自身のこと世の中のこと…あらゆることに目を向けながら制作した
全ハウスミュージック・ファンに捧げる究極の一枚。来日したデイヴィッドを直撃した。

 
――新作『2ワールズ・コライド』は、前作『ザ・プログラム』から10年のスパンがあいてますが、それはなぜですか?
DAVID: ここ10年に関して言えば、延々とDJツアーの毎日だったからね。それが一番の理由かな。仕事におけるプライオリティとしては、“一にDJ”、“二に制作”だと思っている。だから、制作の時間は後回しにせざるを得なかったんだ。この10年はあっという間だった。いろんな国に行ったし、多額のギャラも得た。ただ、失ったものもある。その一つが、音楽制作から離れすぎたっていうことだね。

――アルバムのコンセプトは?
DAVID: タイトルの『2ワールズ・コライド』は、文字通り“矛盾”とか“衝突”を表わしている。愛と憎しみ、平和と戦争、善と悪といった具合にね。現代的なメタファーも含まれているし、個人的な体験談から派生した物語もあるよ。解釈は聴く人に任せたいけどね。
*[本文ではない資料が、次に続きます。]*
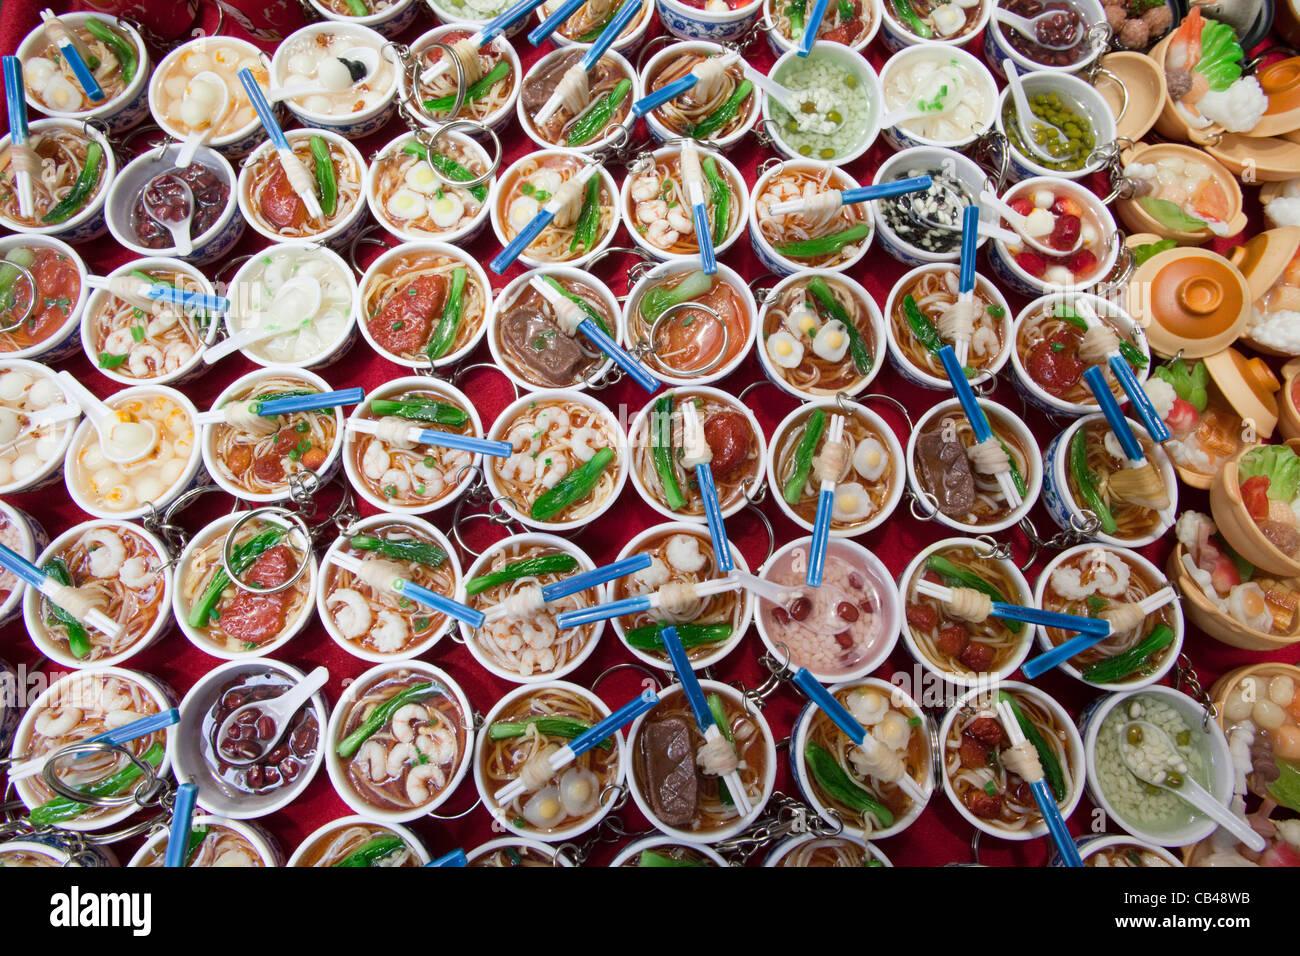 China, Hong Kong, Stanley Market, Souvenir Keyrings of Chinese Bowls of Food - Stock Image

――このコンセプトは、何がきっかけで芽生えたのでしょうか?
DAVID: 実は、作り始めた時に明確なコンセプトはなかった。それが出来あがってきたのは、作品が完成した後だ。聴いているうちに、自分の実体験が見えてきたような気がしてね。楽しいパーティを過ごしているかと思えば、そうでない瞬間もある。自分は誰かを愛したいと思っていても、その相手は自分を愛してないこともある。あるいは、僕のようなジェット・セッター(飛行機で飛び回っているタイプの人間)と普通に9時~5時で働いている人々との対比――といったように、相反する事や感情が衝突した時のイメージを投影しているのさ。

――あなたのポジションであれば、もっと名のあるヴォーカリストを起用できたはずですが、あえて若くて無名なアーティストを起用したのは?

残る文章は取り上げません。